The whole listing, exactly as given: write it out, leaving out each image.

Data provided:

◇ ◇ ◇ ◇

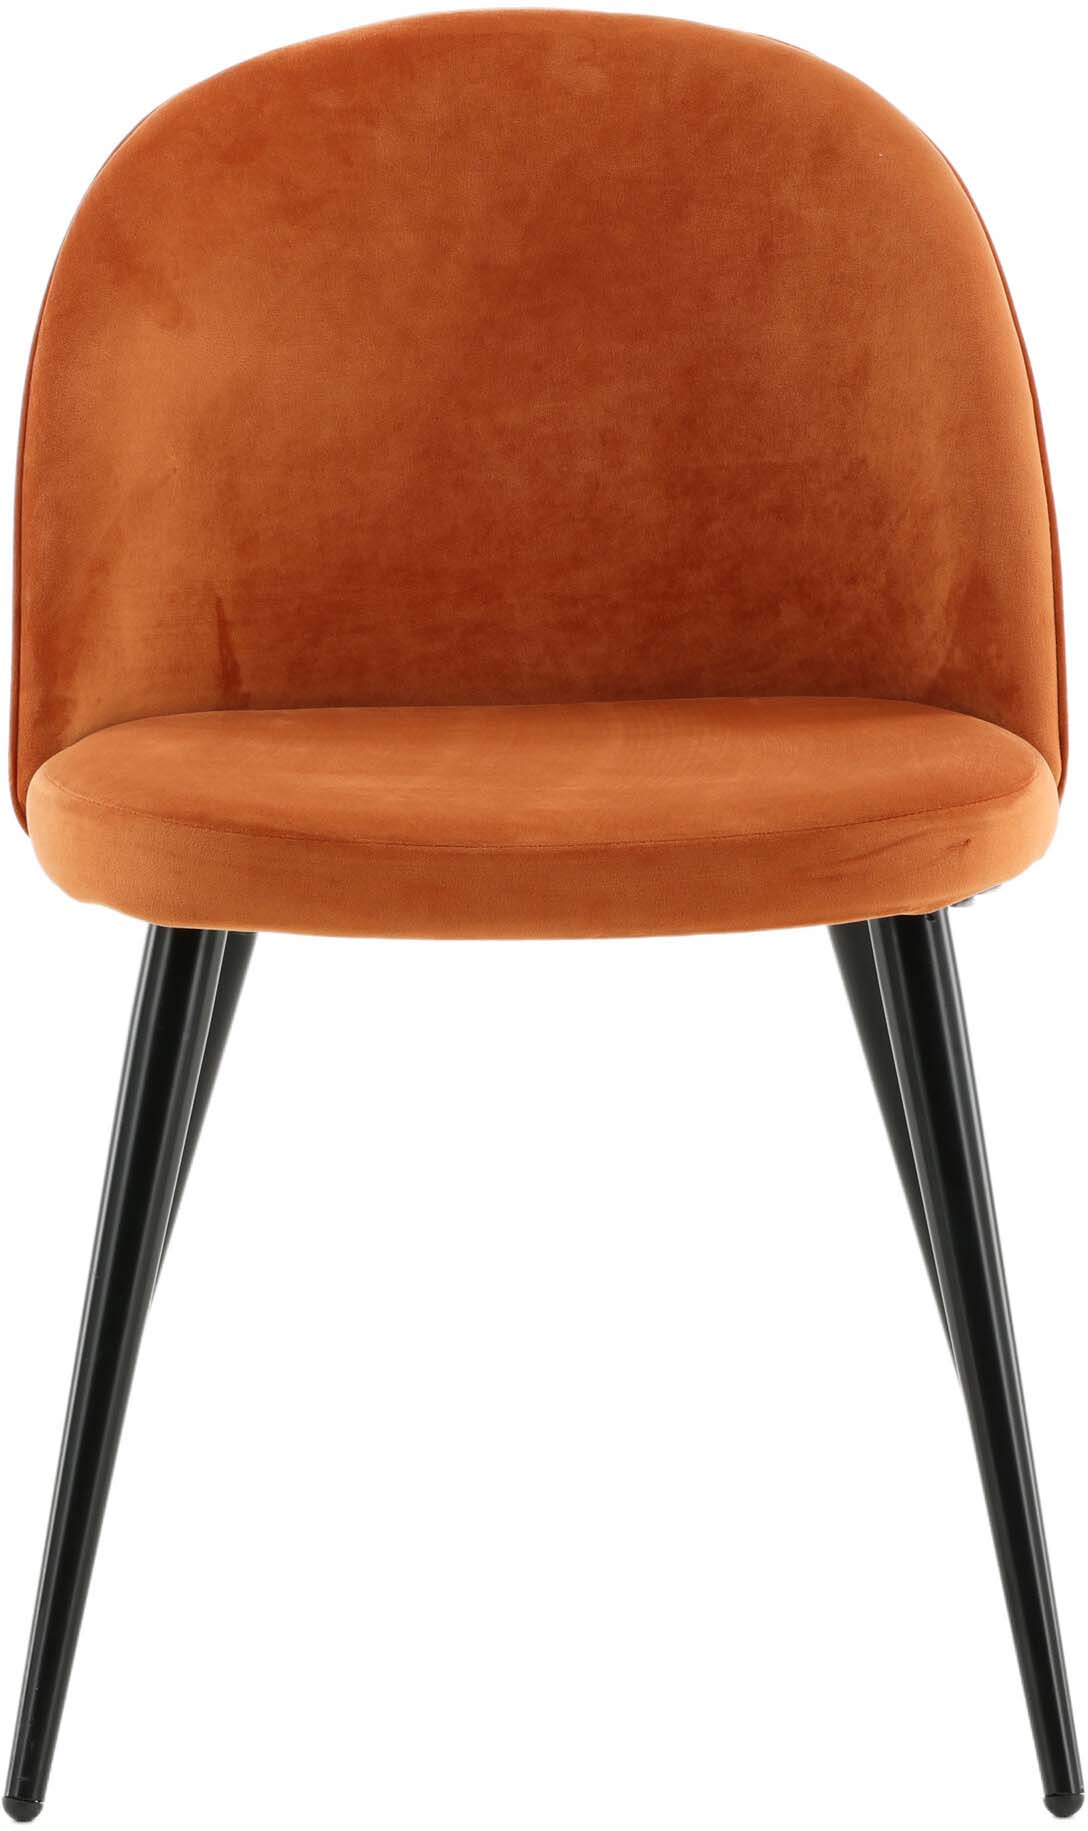 Velvet Matstol Stuhl in Rostiges Orange / Schwarz präsentiert im Onlineshop von KAQTU Design AG. Schalenstuhl ist von Venture Home
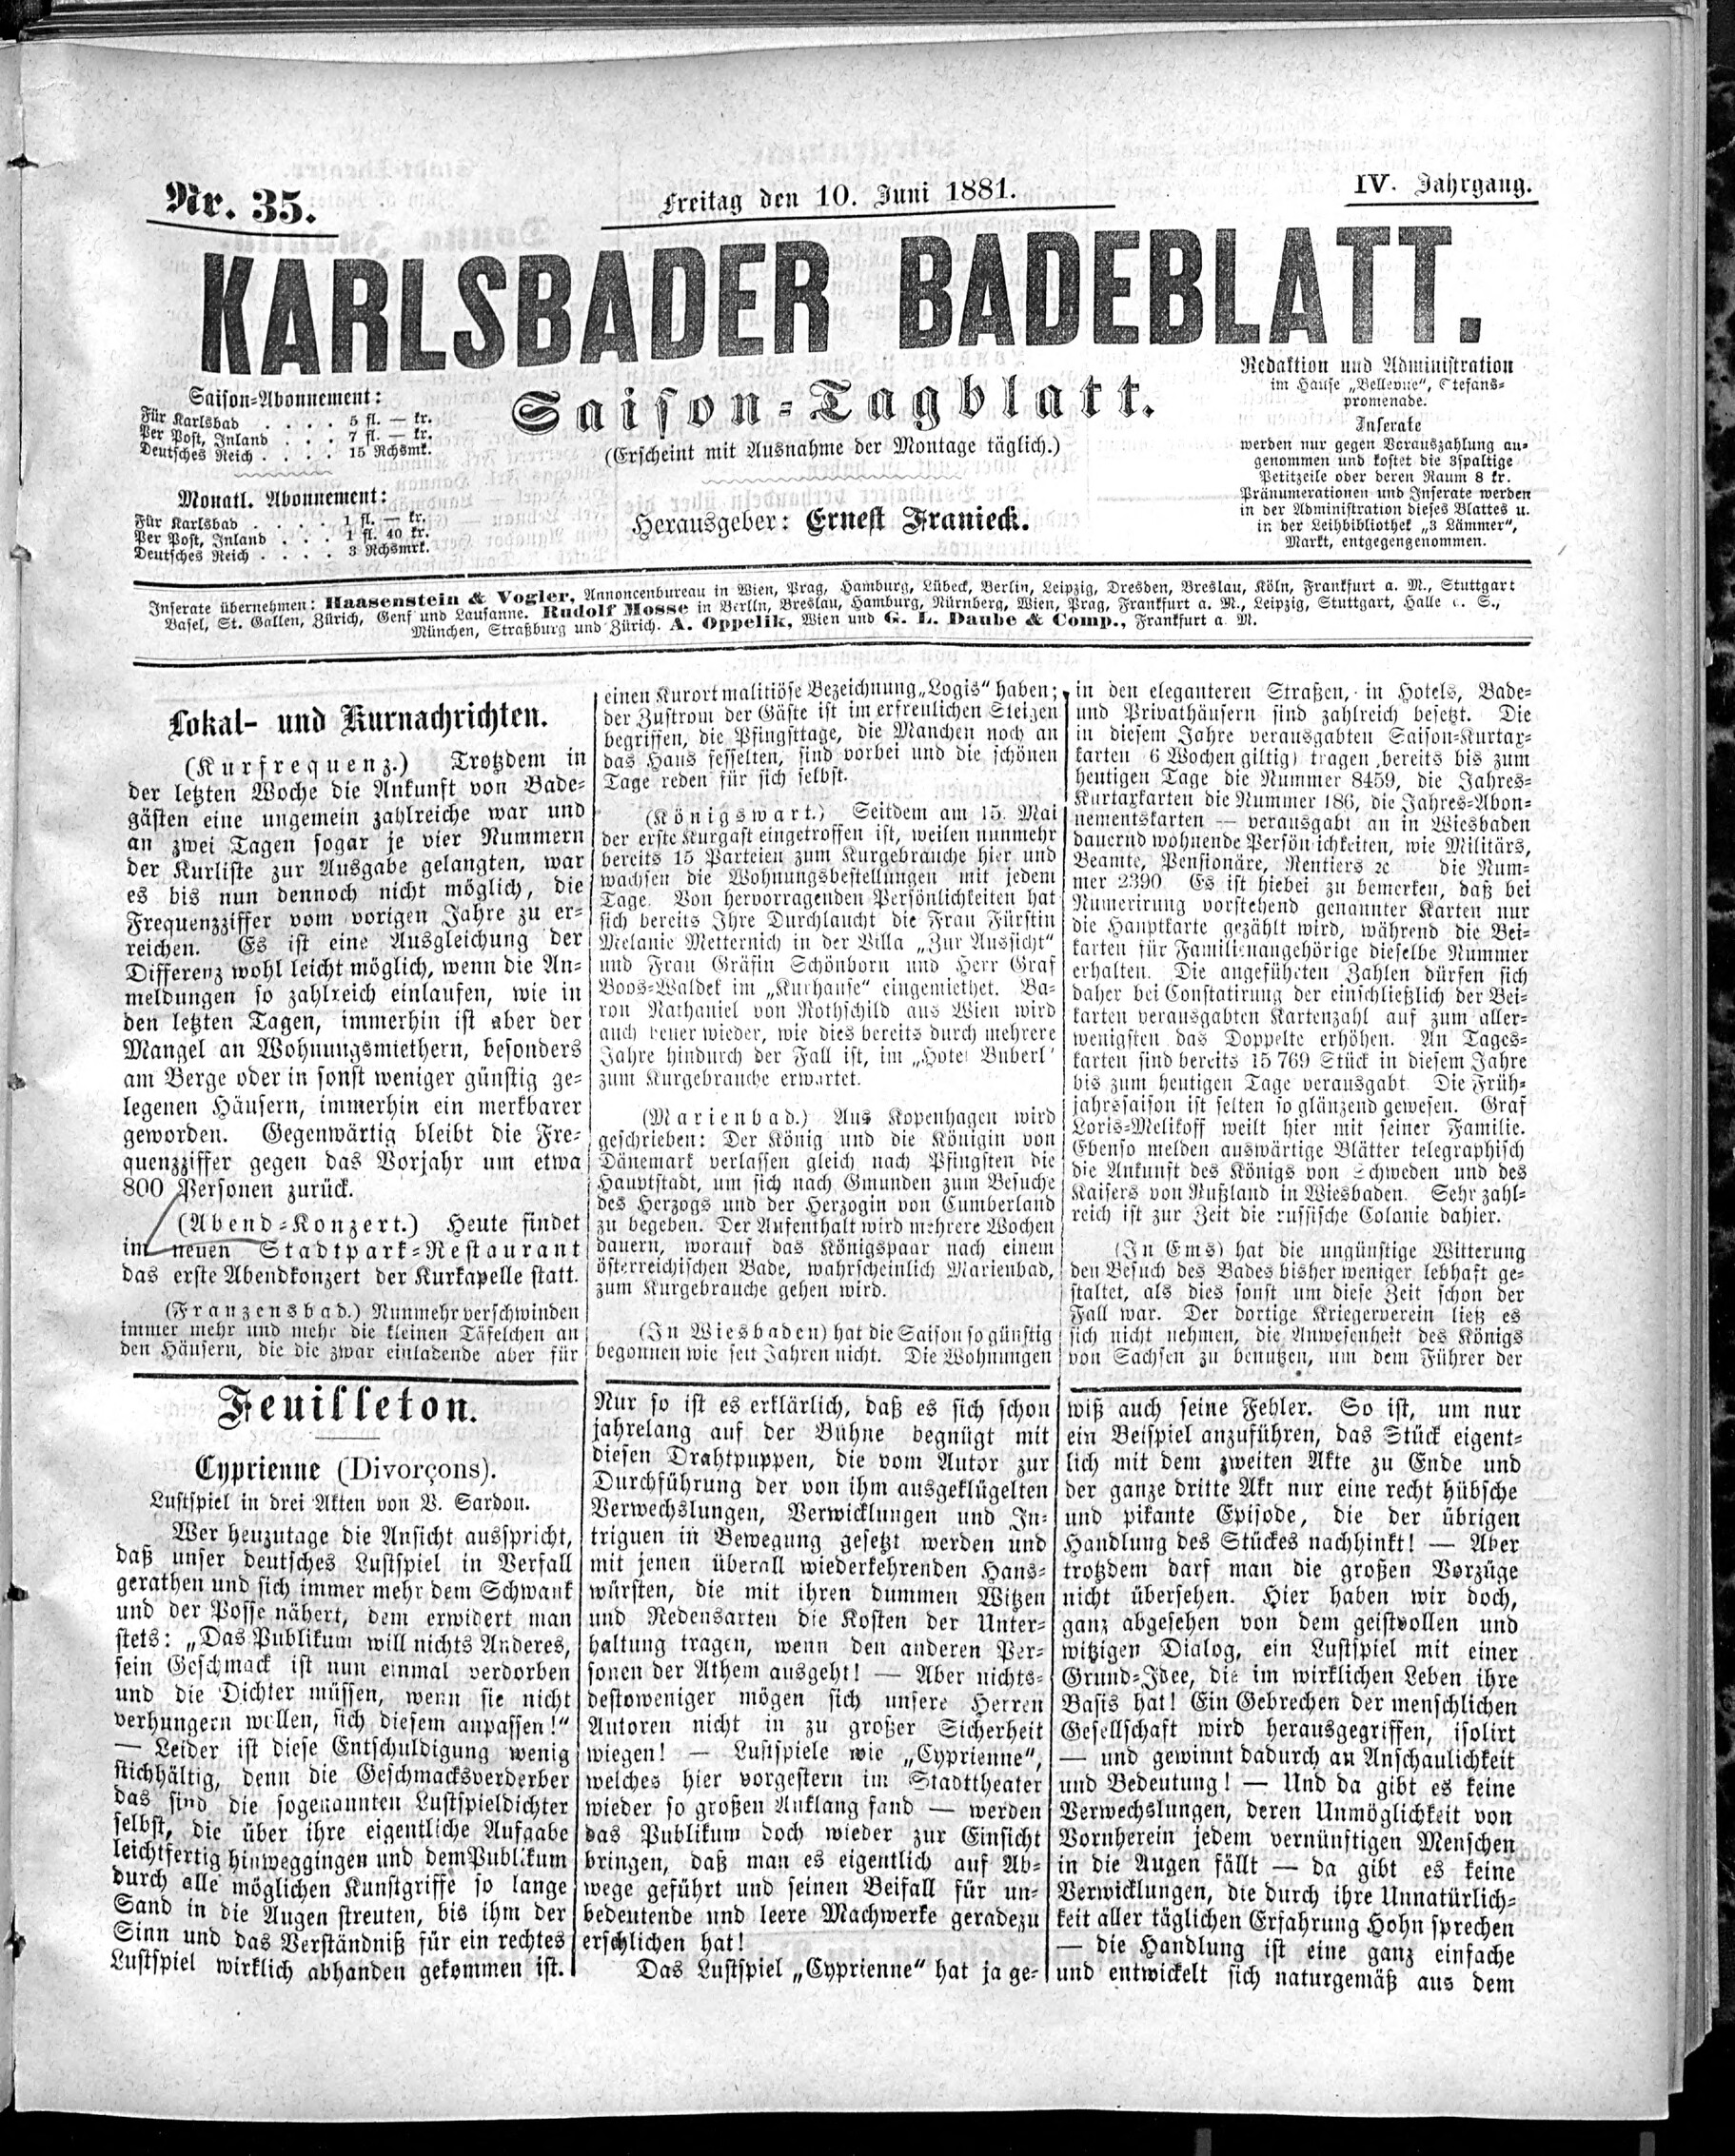 1. karlsbader-badeblatt-1881-06-10-n35_0745
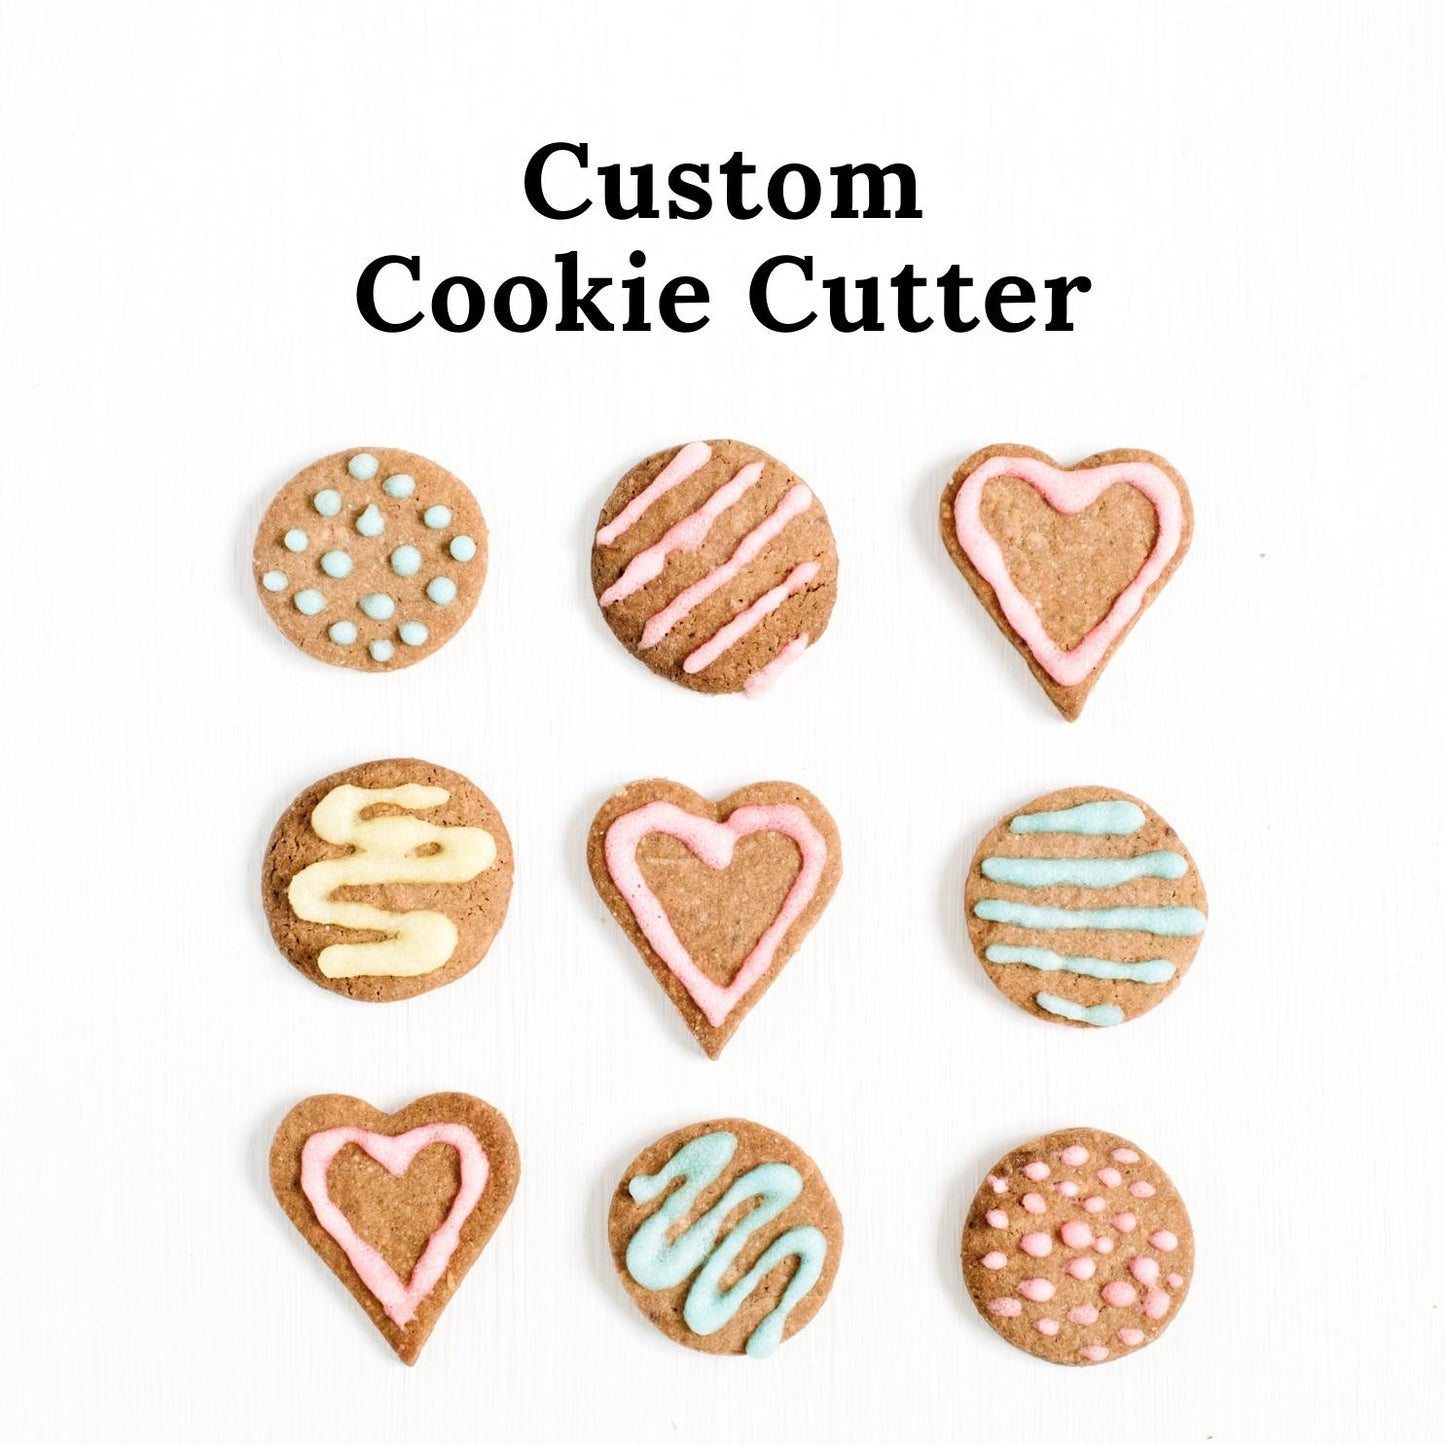 Custom Designed Cookie Cutter Made in USA PR3890

◇ ◇ ◇ ◇

Answer for the task:
 Velvet Matstol Stuhl in Rostiges Orange / Schwarz präsentiert im Onlineshop von KAQTU Design AG. Schalenstuhl ist von Venture Home
 1. karlsbader-badeblatt-1881-06-10-n35_0745
 Custom Designed Cookie Cutter Made in USA PR3890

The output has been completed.